Dans une nouvelle publication, le centre de réflexion Bruegel revient sur l’adaptation de l’UE sur le plan énergétique à la suite de l’invasion de la Russie en Ukraine il y a tout juste deux ans. Si les échanges d'énergie entre l'UE et la Russie ont considérablement diminué depuis février 2022, les auteurs estiment que l'UE pourrait encore faire davantage pour réduire sa dépendance.
Au total, l’UE a réduit les importations de combustibles fossiles russes d'un maximum de 16 milliards de dollars par mois au début de 2022 à environ 1 milliard de dollars par mois à la fin de 2023. Ce sont les importations de pétrole qui ont représenté la plus grande partie de la réduction.
Un embargo de l'UE sur les importations de pétrole brut est entré en vigueur en décembre 2022, suivi en février 2023 d'un embargo sur les produits pétroliers. Les pays du G7 ont également mis en place un plafonnement mondial des prix du pétrole russe. Toutefois, la Russie a pu continuer à vendre du pétrole à des prix supérieurs au plafond, en grande partie parce que les armateurs et les assureurs du G7 (y compris de l'UE) ont été remplacés.
Concernant le gaz, l'UE a contré la baisse des importations de gaz russe en augmentant les importations de gaz naturel liquéfié (GNL) et en réduisant la demande.
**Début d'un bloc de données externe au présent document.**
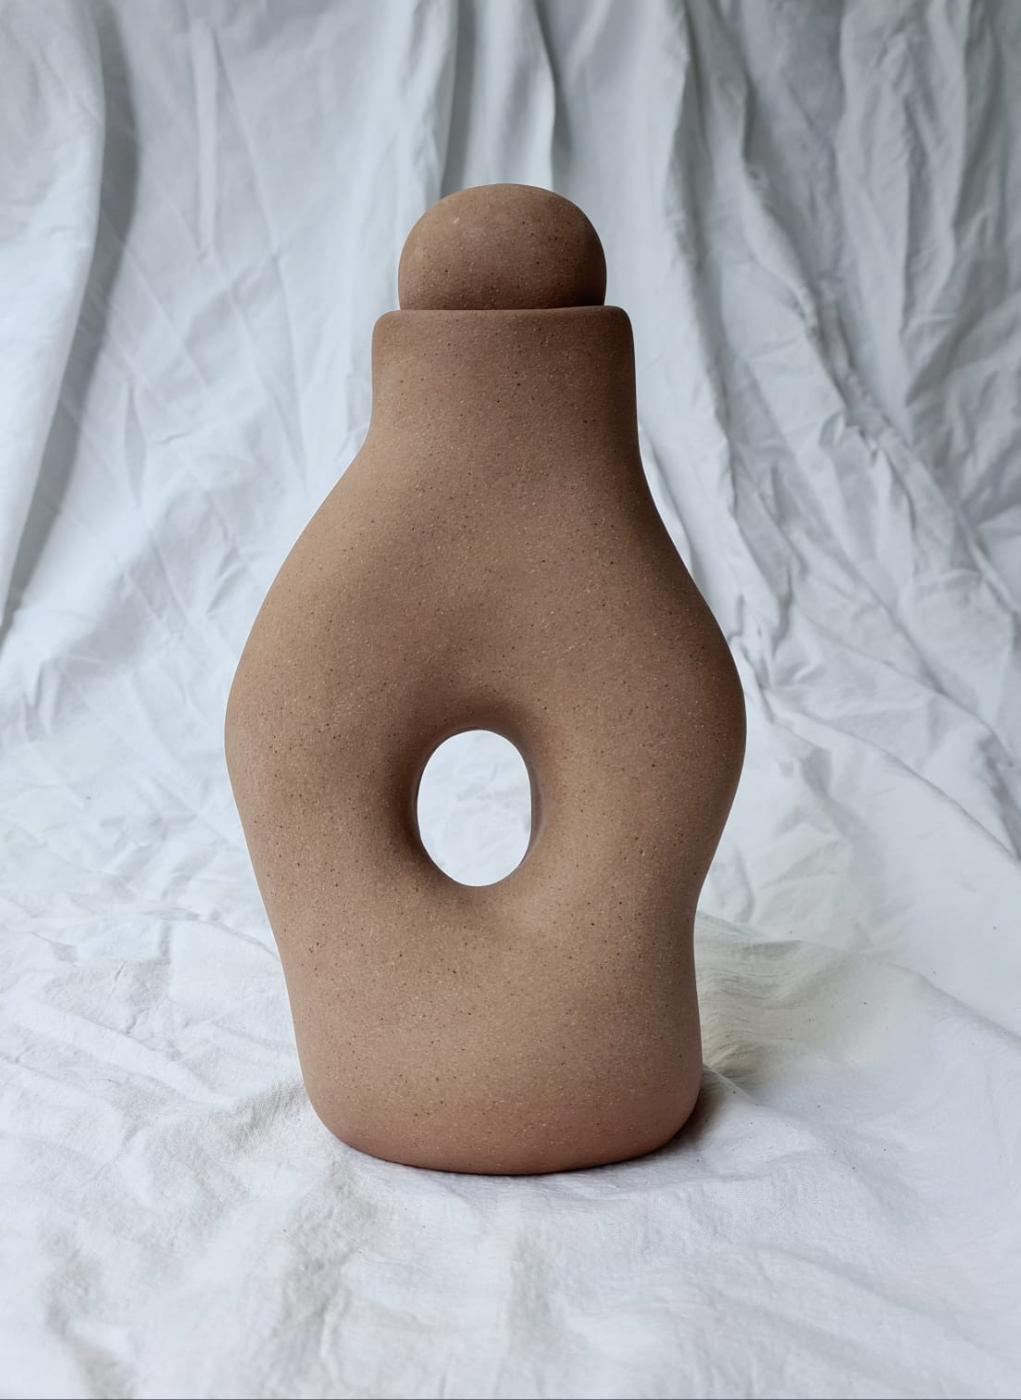 Brazilian Vase/sculpture n°5 - Hybrids series For Sale
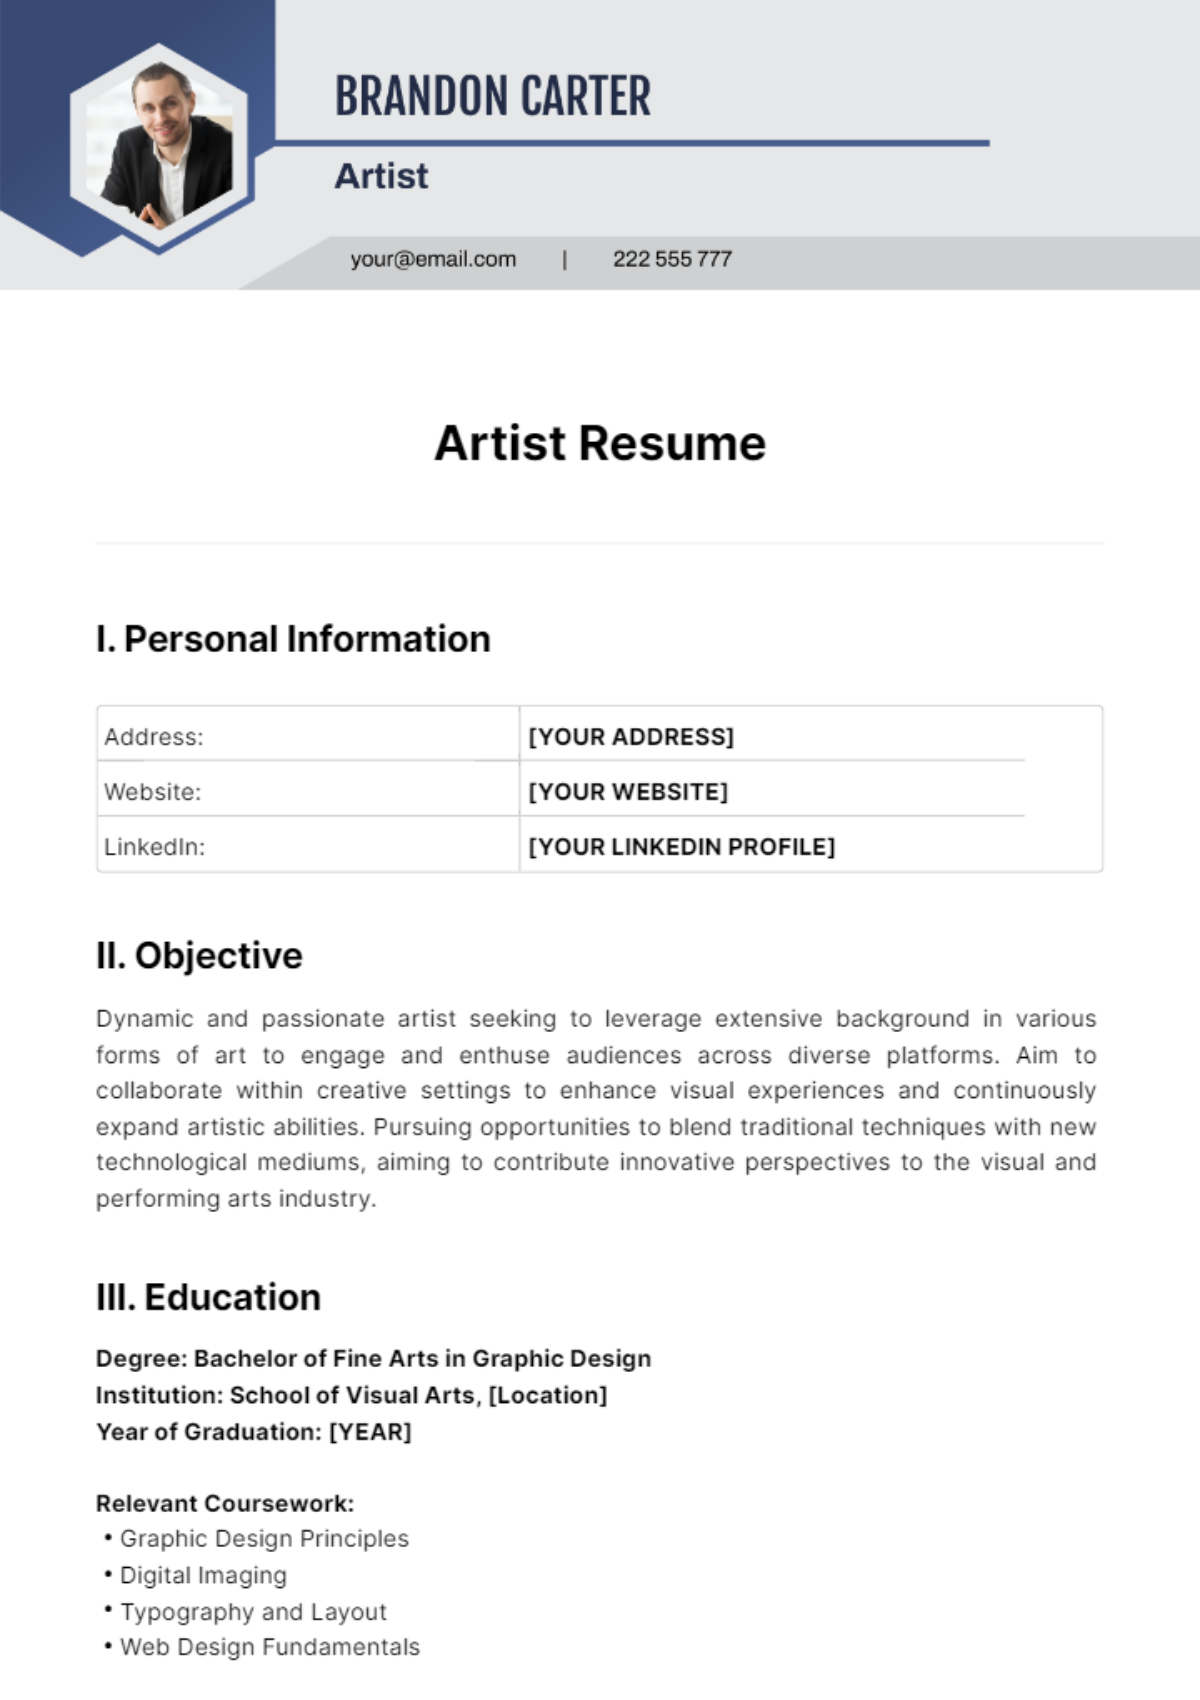 Artist Resume Template

Les auteurs de l’analyse jugent que l’UE a su faire preuve de résilience grâce à la force de son marché intérieur et l’esprit de solidarité entre États membres, mais l’attention se tourne à présent sur le problème persistant des prix élevés et les implications à long terme pour la compétitivité.
Ils considèrent également qu’une application plus rigoureuse et une action plus énergique de la part du G7 doivent être menées pour faire face aux violations du plafond des prix du pétrole.
Enfin, les auteurs concluent que l'UE devrait se détacher de sa dépendance à l'égard des produits combustibles nucléaires russes.